It's OK not to be OK
I’m writing this mainly to get my feelings out onto paper to help me feel a little bit better but also I wanted to share because I know so many of us are going through this difficult time.
I’m over it. I am so over it. If I have to say yes to downloading another game on an iPad, yes to another snack, wash up more dirty dishes, wash even more clothes than I thought humanly possible, take another Teams call with a child on my lap, under my legs or crying for more screen time I am going to go insane!
And even though I know we’re all in the same boat... it somehow doesn’t make it any easier.
Spring is on its way, the mornings are brighter and the evenings are longer which does just feel lovely, but yet somehow trying to find a glimmer of hope is so difficult. The truth is I am struggling more than I realised the past few weeks and it’s only until things came to a head for me that I realised I need to take a step back.
I’ve been putting on a brave face like we all have to be honest juggling work, home, kids, shielding, vaccine and everything else in between. I’m trying to do the best in every situation and ultimately feeling like a failure in most of them. I’ve taken a break this week which has already done me the world of good just to be worrying about one less thing is such a relief.

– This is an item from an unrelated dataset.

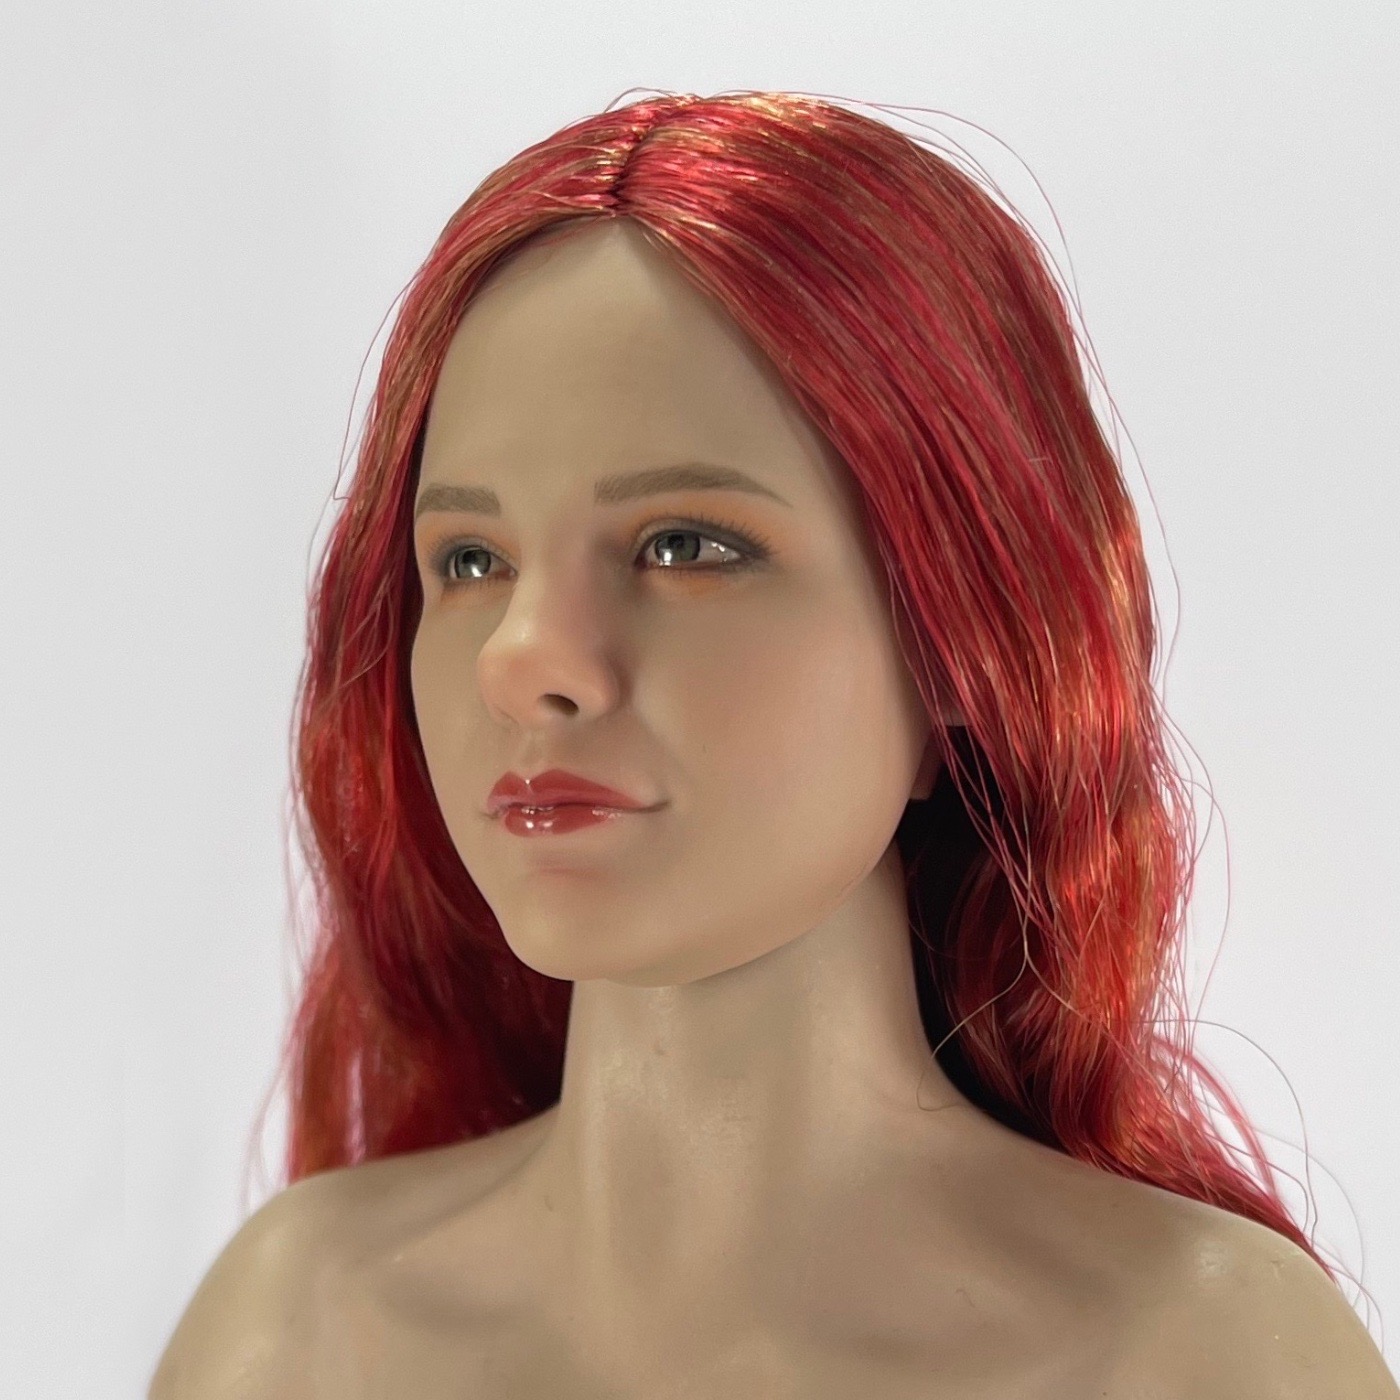 NEW PRODUCT: SUPER DUCK SDH036 1/6 Scale Female head sculpt in 4 styles 52860116643_3d0fe88b7d_o

I’m staying optimistic we do have good news around the corner it’s just a matter of time. And I strongly believe if we can get through this we can get through anything.
You’re smashing it. We are all smashing it.
Take that gulp of fresh air on your own out in the garden, go for that walk on your own, make that fresh cup of coffee and actually drink it, be selfish, sometimes we all need to be.
I don’t think any of us honestly feel ok. And if you’re really not feeling ok... it’s totally ok. Let it out, keep talking, you’ll feel so much better.